The Decay of Fiction - As is the case with Outer Space, I'm including this because I'm prepared to accept that a horror movie can be bereft of conventional narrative (I bet I'm not the only person voting for Eraserhead). Content-wise, this is a haunted house movie filled to the brim with ghosts and with its fair share of creepy goings-on half-glimpsed through the veil of time.

Elephant - If the post-70s trend in horror was to string a series of brutal set-piece killings together with only the barest sinew of plot and character holding things together, Alan Clarke's devastating masterpiece is the reductio ad absurdum of that approach. One of the most nihilistic films ever made, but an understandable response to the political realities of the time.

Klute - I always think of this as a detective story / straight thriller, but having watched it again recently (not with this project in mind) it seems very clearly a post-Psycho horror movie, much more focussed on Fonda's terrorized girl than on the process of finding the villain. Plus there are bravura stalking set-pieces and that score.

Re: The Horror List Discussion and Suggestions (Genre Projec

Posted: Sun Dec 23, 2012 11:12 pm
by Mr Sausage
Re: Curse of the Cat People. I'm probably not going to vote for it, it's not quite horror to me; but if I did I would likely put it in my top ten. There's something magic about it. But the frightening parts of it just seem like one aspect of the swirl of childhood emotions in it. I can't imagine any honest movie about childhood not dealing with fear, but the presence of fear has to dominate on some level for me to consider it a horror, and I don't think it does in Curse. Loneliness and melancholy are closer to the dominating emotions.

Re: The Horror List Discussion and Suggestions (Genre Projec

Posted: Sun Dec 23, 2012 11:49 pm
by domino harvey
I love Klute but you're crazy! In the spirit of craziness, though, I'll share my marginal cases:

Hard Candy, the best rape-revenge film I've seen, and since that's small praise, it's also the best cinematic two-hander since Sleuth. I Married a Witch plays for laughs not scares, but I like it more than most films with alternate aims. Matinee is more concerned with how audiences received atomic-age horror films than spooking modern audiences. And of course my Number One, Single White Female, is a superior thriller concerning identity that has no other votes yet, so maybe it hasn't occured to other voters yet. I don't really have any other questionable genre entries, but all four of these are in my top ten!

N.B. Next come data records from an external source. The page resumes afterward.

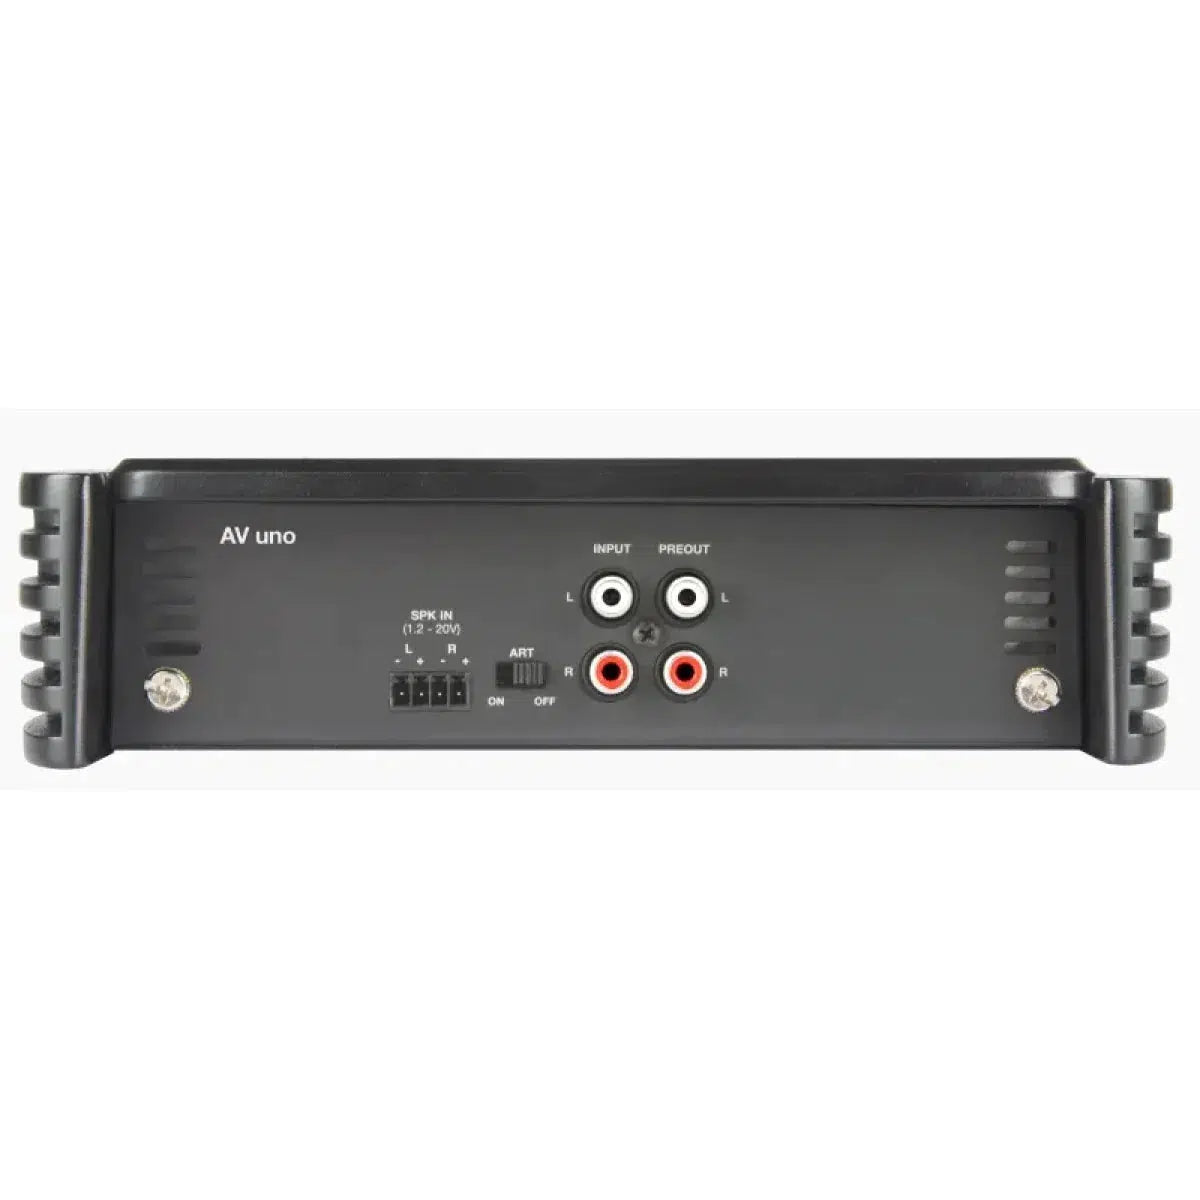 Audison-Voce AV uno-1-channel amplifier-Masori.de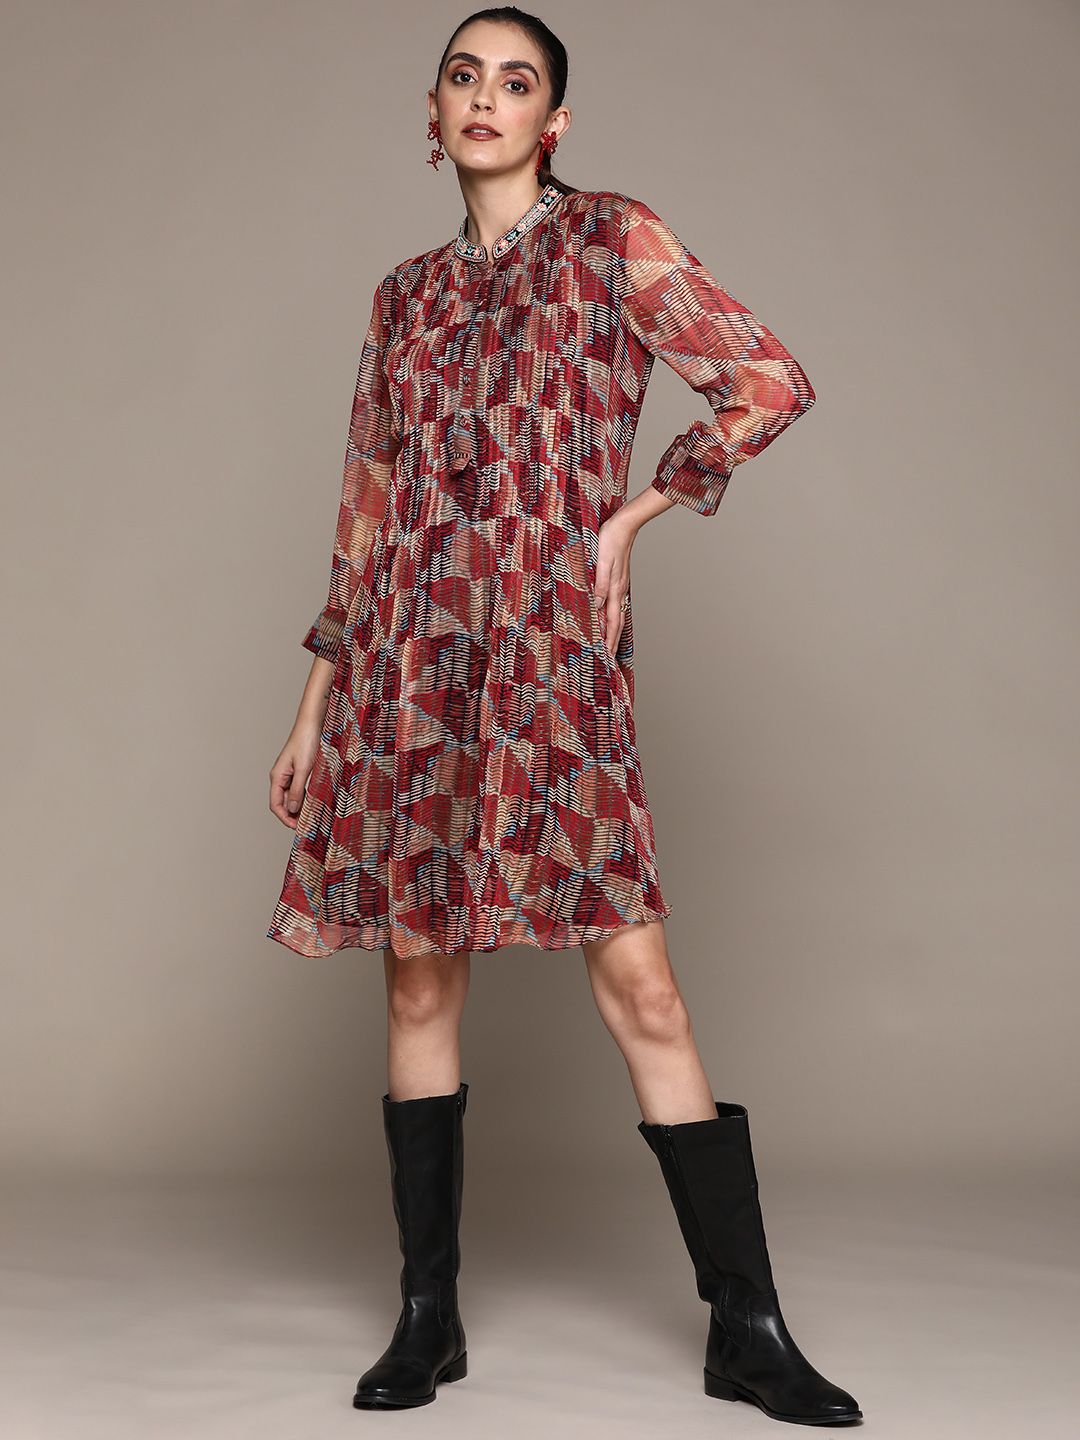 Ritu Kumar Multicoloured Chiffon A-Line Dress Price in India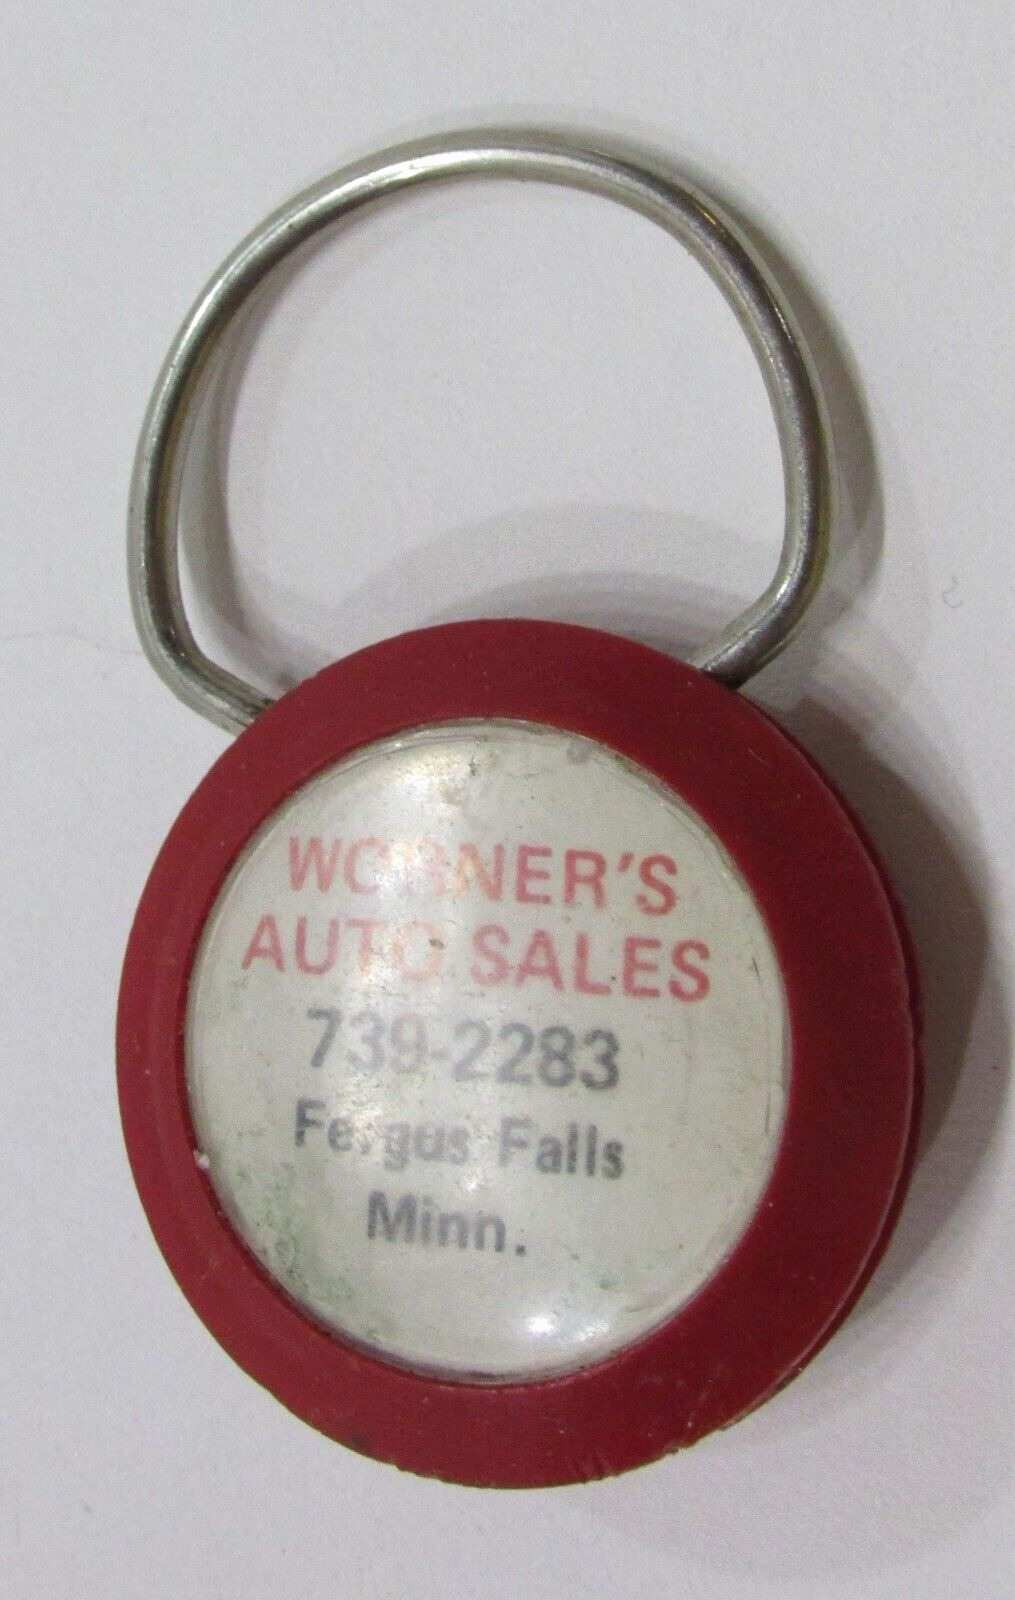 Vintage 1960's Worner's Auto Sales Fergus Falls MN Minnesota Red Key Ring Fob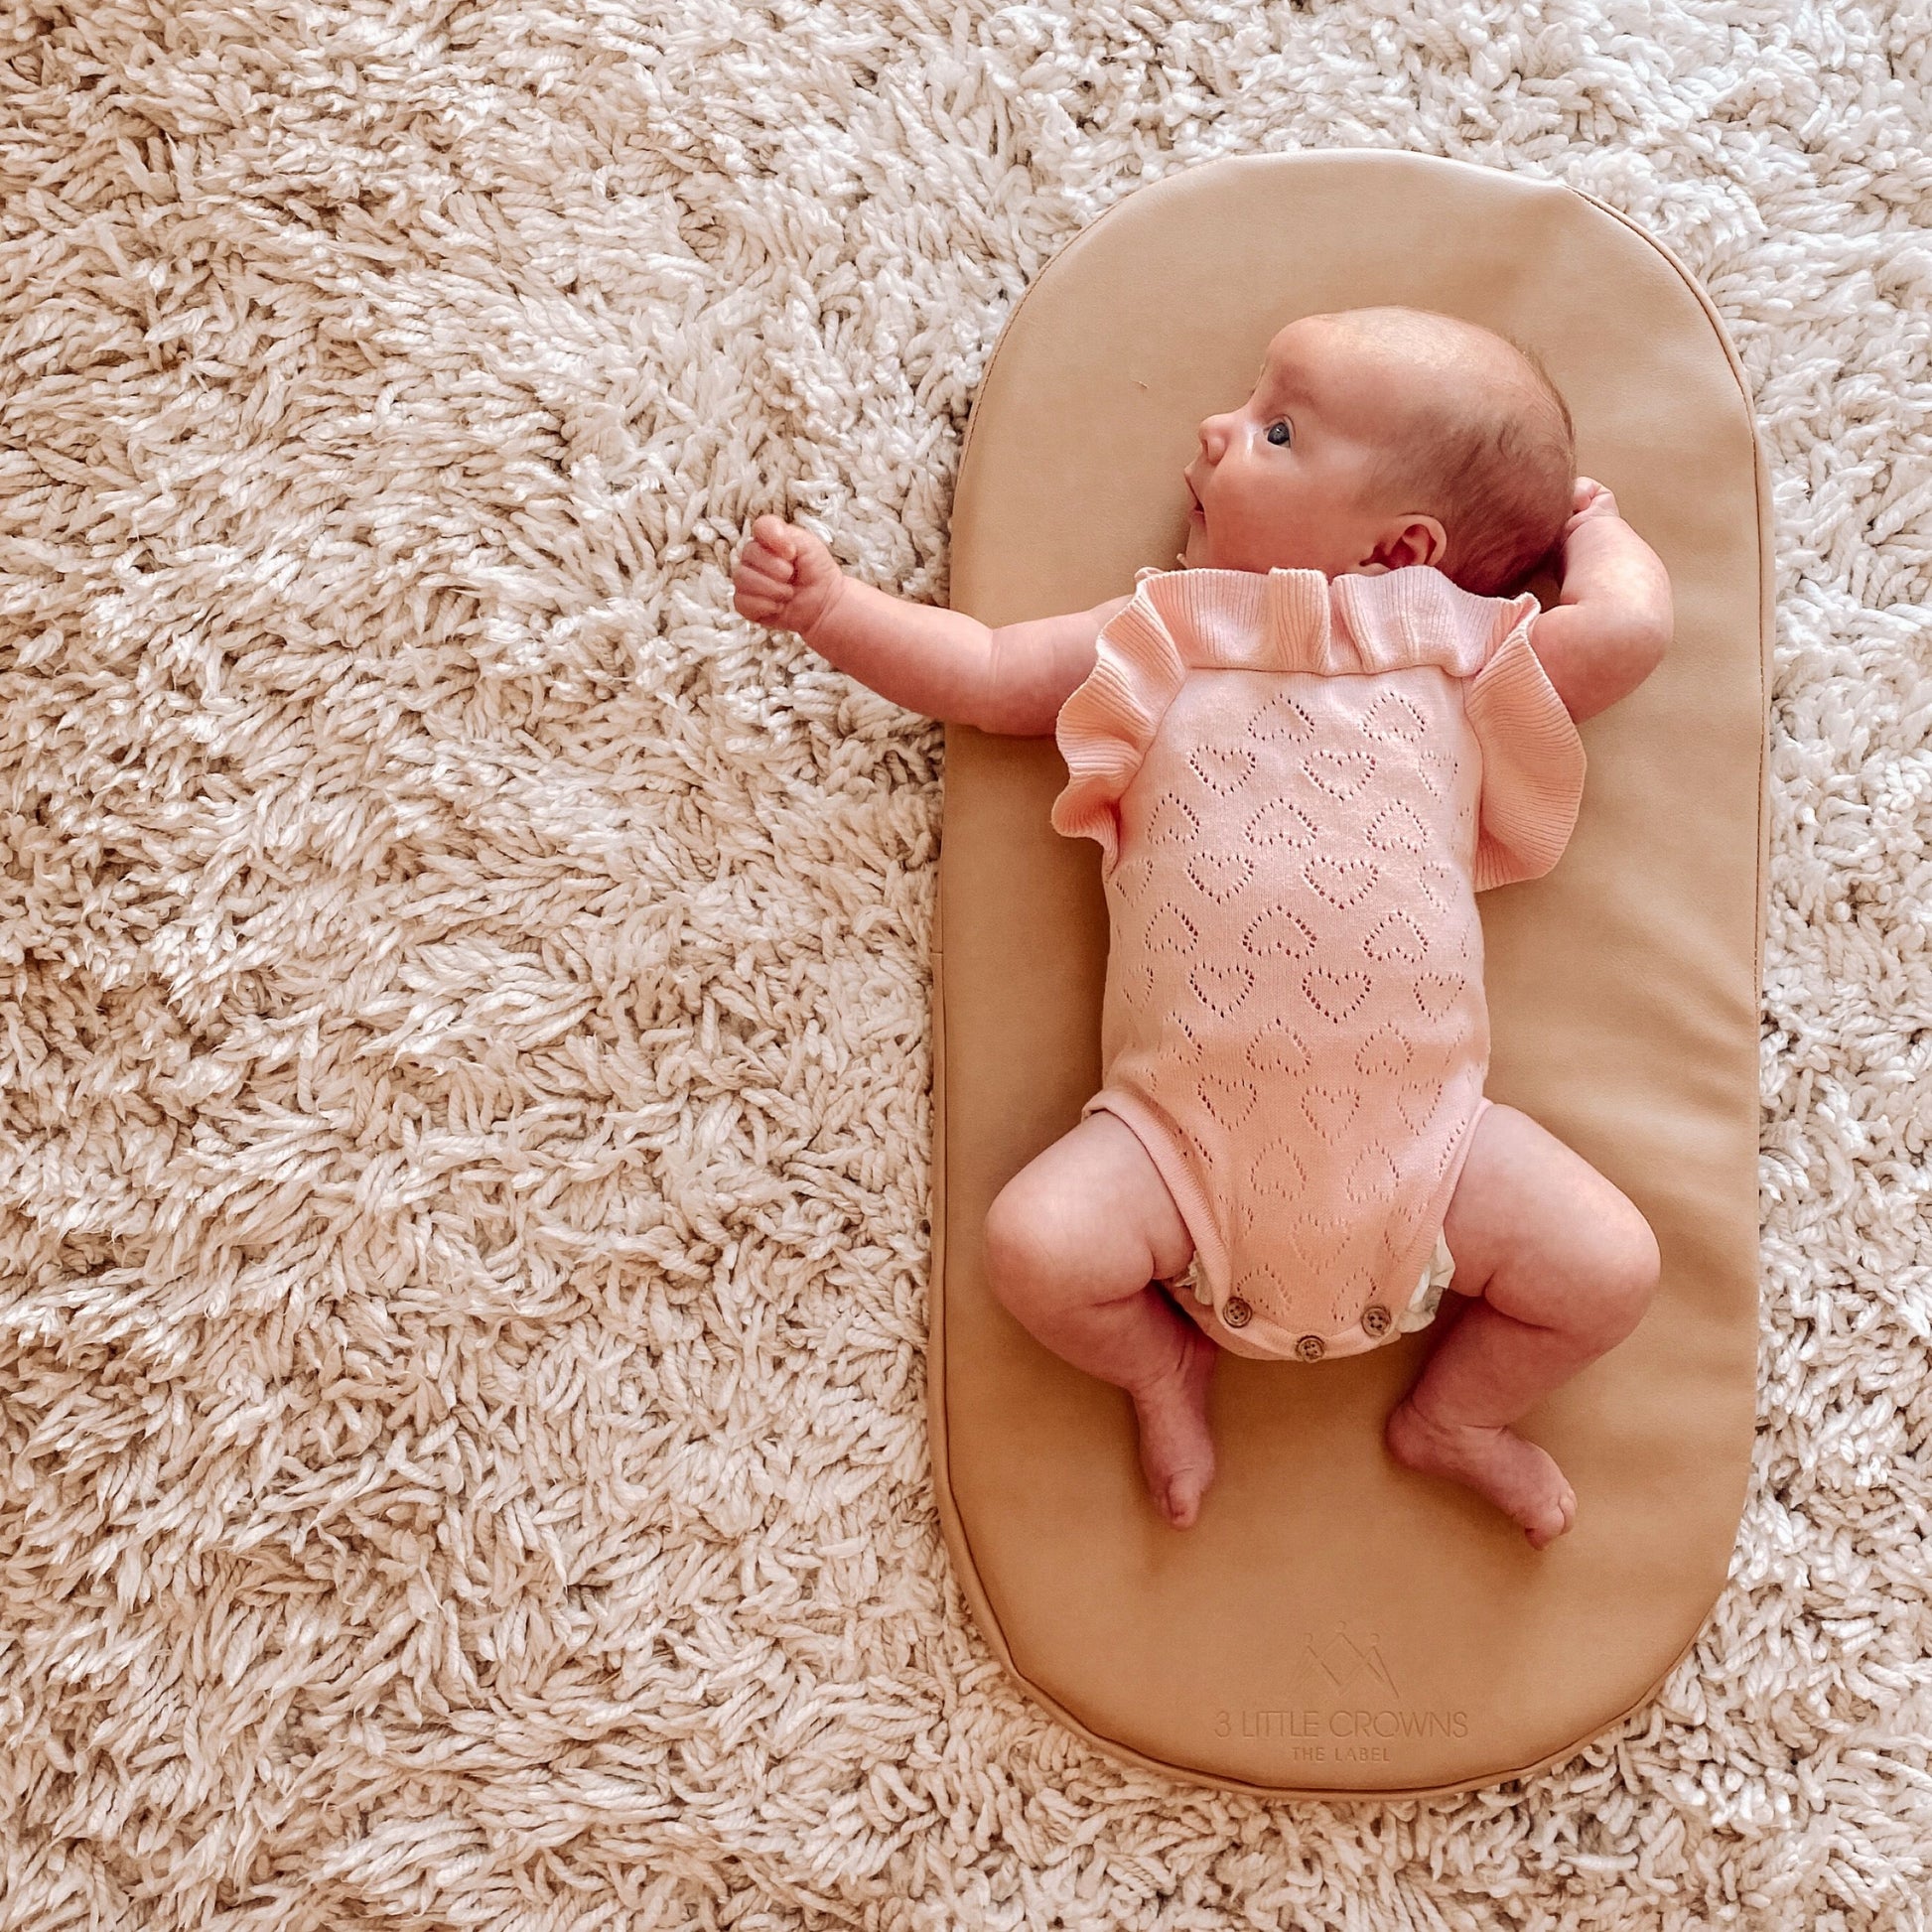 Newborn baby lying on nude vegan leather change pad on white wool carpet

Re: The Horror List Discussion and Suggestions (Genre Projec

Posted: Mon Dec 24, 2012 2:09 am
by zedz
Re. I Married a Witch: I think that a certain kind of supernatural content automatically puts a film within the genre, however much the film itself might try to drag itself kicking and screaming out of it (or, in the case of one of my inclusions, Ugetsu Monogatari, be blithely unaware of it). So if you've got witches, or ghosts, or monsters in your movie, you're playing in the horror sandpit, whether you like it or not.